Joy Division's music, it seems to me, always sounds so bloody archetypal ... the songs sound so right, so inevitable, almost as though they had always existed and were just waiting for someone to actually hear them, to pull them out of the air and give them form. Every song, every album seems carved in stone (not, I think, merely a response to the Factory predilection for tombstone imagery) - one can hardly imagine a note, a word changed now we have them in their final, their canonical forms. As they went on (during their sadly truncated lifetime) they, unlike my beloved A Certain Ratio, seem to become more and more like themselves. The music became more and more Joy Division.
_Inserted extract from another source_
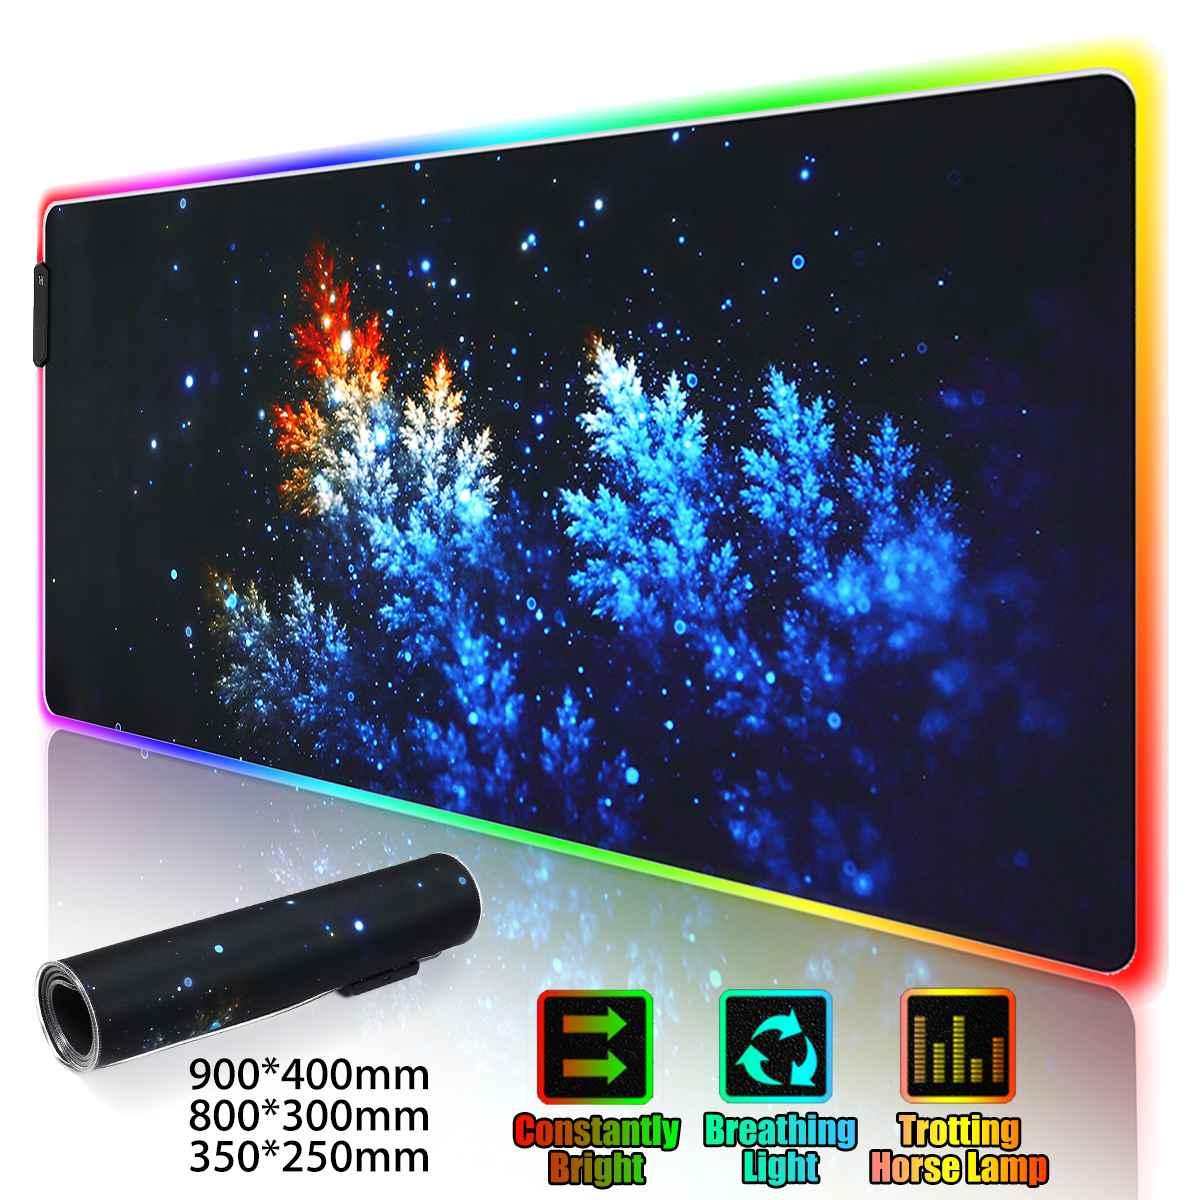 LED RGB Gaming Mouse Pad Large Gamer Mousepad USB Backlit Rainbow Non-Slip Rubber Computer Mat Keyboard Desk Pad

Every element of Joy Division seems absolutely integral to the overall design; not just the contribution made by Curtis' lyrics and performance style but Stephen Morris' drumming (surely one of the most under-rated musicians in pop music? Up there with Moe Tucker and Klaus Dinger), Hook's bass, Albrecht's/Rubble's/Dicken's/Sumner's angular guitar ... every element fits.

The young men in situ


(The whole Factory set-up, the ethos, appealed to me; it was exactly what I was looking for - serious young men in grey and black demob clothes and Hitler Jugend haircuts, the sly sense of humour, the unapologetic high-art gloss, the groups creating a way out of the morass music found itself in after the initial charge of Punk had burned itself out, leaving us with the ludicrous and lumpen likes of the U.K Subs.
Factory artifacts were so tactile, so beautiful; the heavy paper sleeve of A Certain Ratio's 'All Night Party'/'The Thin Boys' 7", Lenny Bruce dead on one side, Tony Perkins on the other; the plastic wallet and insert of ACR's tape release The Graveyard and the Ballroom; the mysterious image adorning the textured sleeve of Unknown Pleasures; the sandpaper sheathing The Return of The Durutti Column (designed to destroy your record collection!); even the embossed sleeve of the Crawling Chaos 7" 'Sex Machine';

(and I never think of Joy Division as morbid or death-obsessed, rather as life-affirming and uplifting. They made, for my money, the most human, the most vunerable music. Paradoxically, the more electronic, the more machine-like they became, the more human. They were, for me, the real Northen Soul. I believe Curtis genuinely meant it when he sang "love life, makes you feel higher." Even now, listening to their music (and that of New Order) makes me feel alive and responsive, makes me feel moved, engages my heart and guts and brain. Isn't that what art is supposed to do?);


(and I hate all those awful rock'n'roll cliches, "live fast, die young" and all that claptrap. Joy Division was so unrock'n'roll - it was so perfect that they looked like weird bank clerks from some science fiction 1930s that never existed. They struck me as four young men who worked hard and achieved something of real and lasting value. The admirable thing about Joy Division is the honesty; they just got on with the job - playing live, practicing, recording. So much 'entertainment' these days has palpable designs on you, on your money, on your attention, on your sense of worth ... Joy Division didn't clamour for your love, didn't bully or cajole, just got quietly down to work. Art, real art, stays with us, long after the people who made it or the conditions that obtained have disappeared - stays and exists on its own terms. That's art, that's music, that's life);

(and I love Barney's description of his response when he got the phone call telling him of Curtis' suicide - "I put the phone down and went and washed my face with cold water. Then I got back on the phone and took it like a man." I like that, they had real courage, the men of Joy Division, real spine. it makes me feel very proud of the lads);


(and it's none of my business why Curtis did what he did ... perhaps, at the end, he was too tired. What is enough, for me, is that he had a hand in creating something of definitive value and meaning, music that inspires and exorts. Something that had an impact on me in ways that I can only guess at. I grew up listening to the music of Joy Division and New Order, is it absurd to think it had a part in making me (for better or worse) the person I am today? Tony Wilson wouldn't have thought so. That's good enough for me)).